Exploring Robotic Care for Dementia with Ralf Vetter
In this deep-dive interview, meet Ralf Vetter, PhD student from the Human-Computer Interaction Research Group at IT:U. His research is positioned between human-computer interaction, psychology, care ethics, and post-humanist theories. His doctoral thesis focuses on robotic care for people living with dementia, blending participatory design with advanced tech in one of the most sensitive areas of care. Some mind-opening insights from this interview:
- Why it’s essential to involve people with dementia in the technology design process
- Ethical challenges when bringing robotics into care
- How to handle consent and readiness for participation
- How an old-fashioned dial phone + AI prototype is sparking connection
Can you briefly walk us through your current research and your doctoral thesis on robotics and dementia care?
My doctoral thesis focuses on how we can design robotic technologies—broadly defined—for use in dementia care contexts. I’ve been conducting this research as part of the FWF-funded research project “Caring Robots” that explores how robotic technologies can support care environments. At first, we made a conscious decision to begin with contextual field studies. Rather than jumping straight into designing technology, we wanted to understand what “good care” means—especially in the context of dementia. For me that meant going directly into care environments to observe and engage with both care professionals and the people receiving care. Or rather, those who perform care together—because care is always a shared activity.
We conducted these studies in Austrian care homes and mobile care settings, with support from our project partner Caritas Wien. I spent time in a long-term care home where most residents lived permanently due to their care needs. About 80% of residents in such settings live with some form of dementia, often alongside other health conditions. I knew those numbers beforehand, but being there in person made it real. Seeing, feeling, and engaging with the people living with dementia had a profound effect on me. That was when I knew I wanted to focus my research specifically on dementia care. People living with dementia are often among the most vulnerable in society. They’re frequently marginalized or excluded from conversations that directly affect them. Due to memory loss and other cognitive symptoms stigmatizing their status in society, their voices often go unheard. That realization shaped one of the core principles of my research: participation.
“My work is rooted in participatory design. I want to involve people with dementia—and the professionals who support them—in the design of the technologies that may one day become part of their daily lives. If these tools are to be meaningful, they must reflect the needs, desires, and lived realities of the people they are intended to support. Giving them a voice in the design process isn’t just respectful — it’s essential to design good technologies.”
You’re tackling a sensitive topic: dementia care. What do you see as the biggest ethical challenge when bringing robotics into such intimate human care spaces?

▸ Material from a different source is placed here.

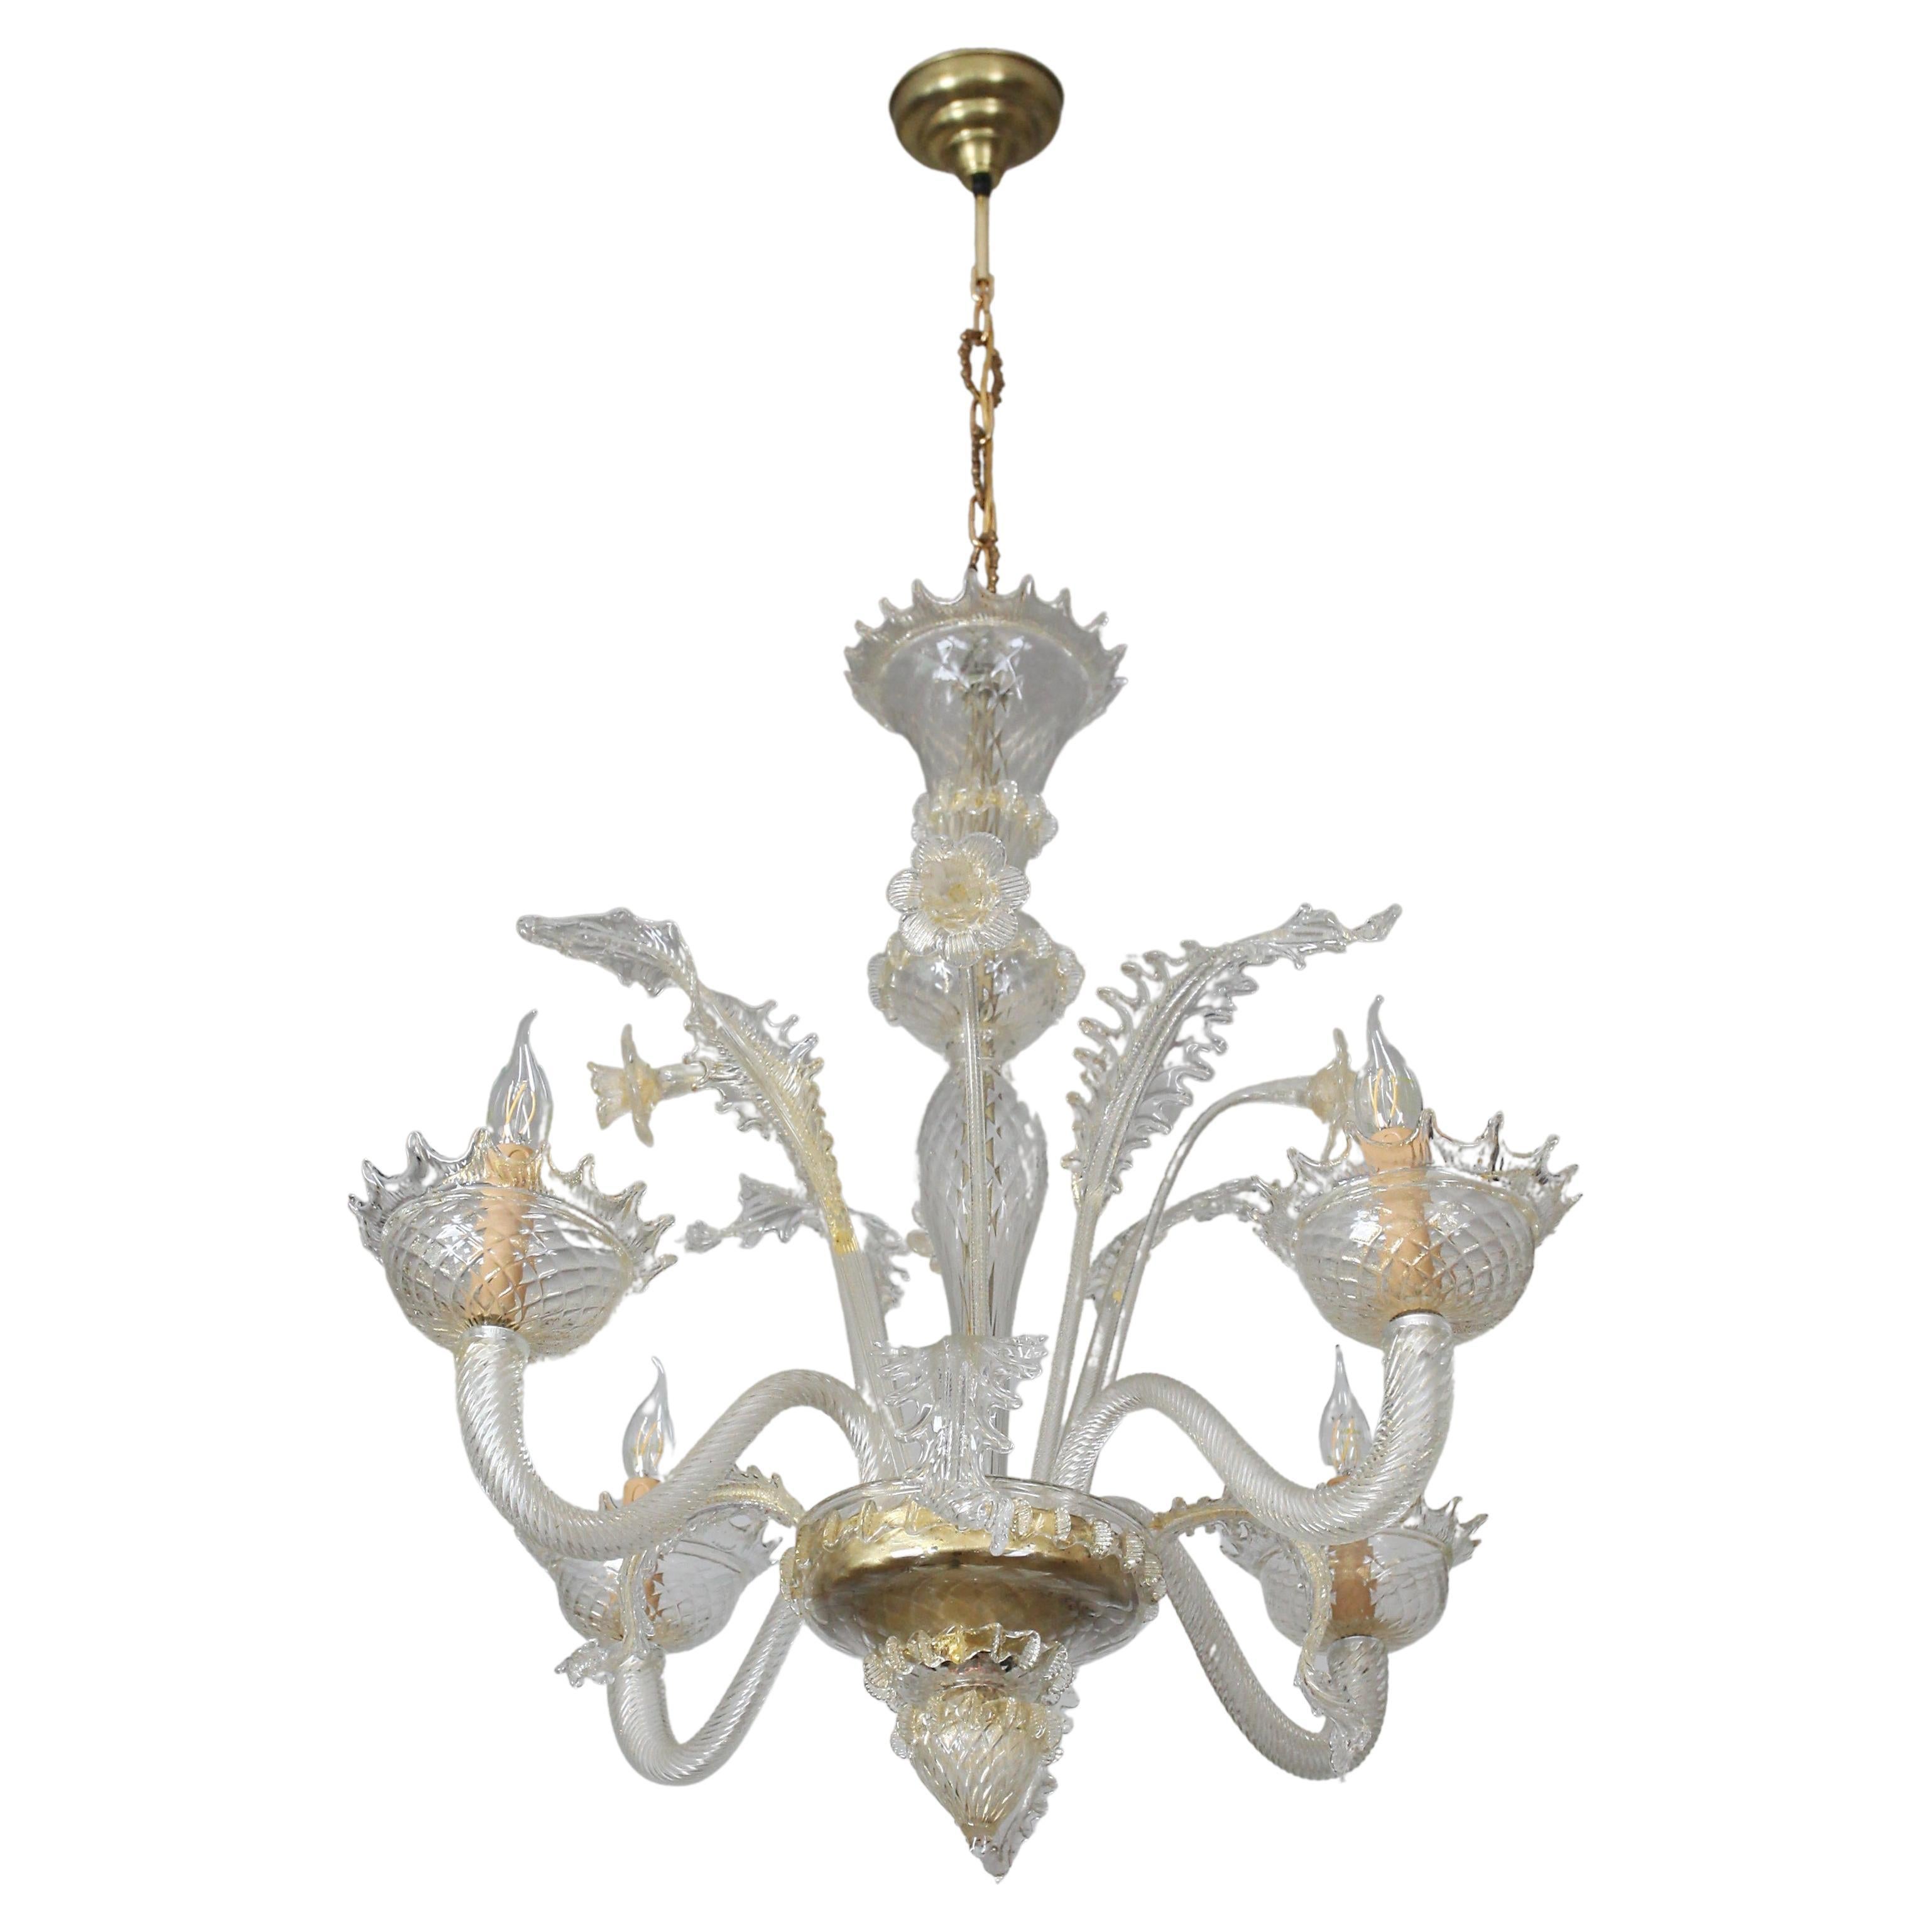 Venetian chandelier - restored For Sale

The biggest ethical challenge I’ve experienced in my work is that you really need to look very closely at the questions being raised—especially when working with people living with dementia. It’s essential to develop a nuanced understanding of how people, even those with more advanced forms of dementia, express themselves. There’s a common assumption—people may imagine individuals with dementia as repeating themselves or being non-verbal. But spending time in the field, doing ethnographic research, makes it very clear that they do communicate—just differently. Their expressions are often implicit, subtle, and non-verbal. So, as a researcher, you need to be incredibly perceptive and sensitive to those cues to ensure they’re truly participating and comfortable.
Another main challenge is that many of the participants I work with have legal guardians—often close relatives, sometimes a legal entity—who must give consent for their participation in the research. But that’s only the beginning of ethical practice, not the end. Beyond legal consent, we also work with what’s called informed assent—where participants themselves, in the moment, indicate through their behavior, mood, or expressions whether they feel okay about being part of an activity. I’m thinking of one participant who communicates with a smile or a nod—those are the signs I rely on to understand if they’re feeling comfortable and want to take part that day. Developing this kind of sensitivity is a major ethical responsibility when working with this population.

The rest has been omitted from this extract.